Initially, I anticipated the article would be short, but it ended up being quite lengthy. You could think of it as a missing chapter from the “Beginning Helidon” book I co-authored with my colleagues. Yes, it’s a bit cheesy to advertise the book in the first paragraph. You might assume that promoting the book was my sole motivation for writing this article. Admittedly, it’s a significant motivator, but not the only one.

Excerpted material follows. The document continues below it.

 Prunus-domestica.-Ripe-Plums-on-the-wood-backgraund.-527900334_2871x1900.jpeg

In the Helidon support channels, we frequently encounter questions about migrating Spring Boot applications to Helidon. To address these inquiries, we concluded that creating a Helidon version of the well-known Spring Petclinic demo application and documenting the migration strategies and challenges would be the best approach. I volunteered for the task because of my previous experience with Spring programming and because I hadn’t engaged in real programming for quite some time, and I wanted to demonstrate that I still could. Whether I succeeded or not, you readers can decide after reviewing the work. Perhaps I shouldn’t have taken it on. You can find the result here. Anyway, enough philosophical musings; let’s get down to business.

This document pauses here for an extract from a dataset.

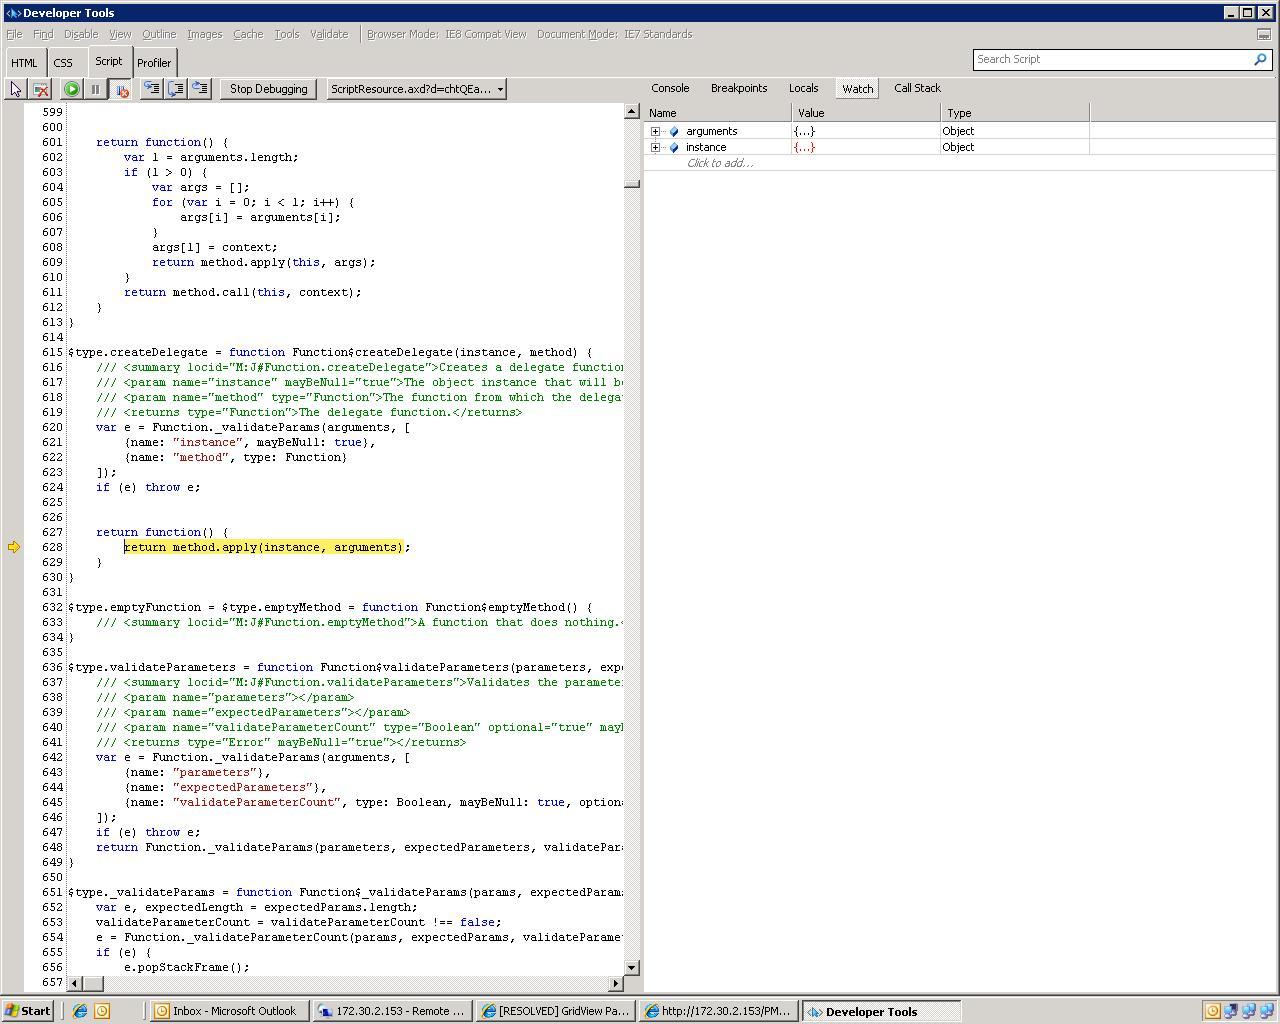 ScriptResourceaxd Problem In UI For ASPNET AJAX Dock

Original Spring Petclinic Rest project

When I began my research, I started with the original Spring Petclinic. However, it seemed a bit outdated to me, so I explored other Petclinic forks available at https://github.com/spring-petclinic. One that caught my attention was the Spring Petclinic Rest, which functions as a RESTful service. Its architecture aligns well with the concepts of Helidon. Additionally, it features an Angular-based UI in a separate project. The plan was to develop a Helidon-based backend to complement the frontend project for demonstration purposes.

The Spring Petclinic Rest project is thoroughly documented in its README.md. For convenience, I’ll provide some basic design concepts here:

• It operates as a RESTful service, serving as the backend for the Spring Petclinic Angular project.
• The project adopts an API-first approach, with all endpoints and interfaces described in an OpenAPI document. Java sources for the corresponding model classes and services are generated by the openapi-generator-maven-plugin.
• Data is stored in a database and supports HSQL, MySQL, and PostgreSQL.
• The project supports Basic Authentication security and manages users and roles in the database.

There are two data models:

1. Data model – It consists of JPA entities reflecting the database structure.
2. DTO (Data Transfer Objects) – These define data used to communicate with the public RESTful service. They are generated from the OpenAPI document.

And three layers:

1. Presentation layer – This layer contains RESTful controllers that implement the public API. It operates using DTOs and serves as a thin layer. Its purpose is to retrieve data, map it to entities (data model) using a mapper, send it to the service layer for processing, convert the result to DTO, and then return it to the client.
2. Business layer – Also known as the service layer. This layer contains the business logic and operates using entities (data model). It communicates with the database layer.
3. Database layer – Utilizing Spring Data JPA implementing the repository pattern. This layer consists of data repository interfaces, which perform operations on data such as querying, adding, and deleting. The database structure diagram is provided below.

Helidon Petclinic

Helidon Petclinic is a project I created. You can check it out here. The README.md contains information about how to build and run it.

My goal was to preserve the design and structure of the application as much as possible. In the end, I achieved a layer structure very similar to the original. The only significant change is an optimization related to the database layer. I perform database operations in the service layer, effectively integrating it with the database layer. The original application’s service layer methods typically involved only a single line call to the data repository, so this made sense to me. I draw a picture (see below) to help you understand the difference.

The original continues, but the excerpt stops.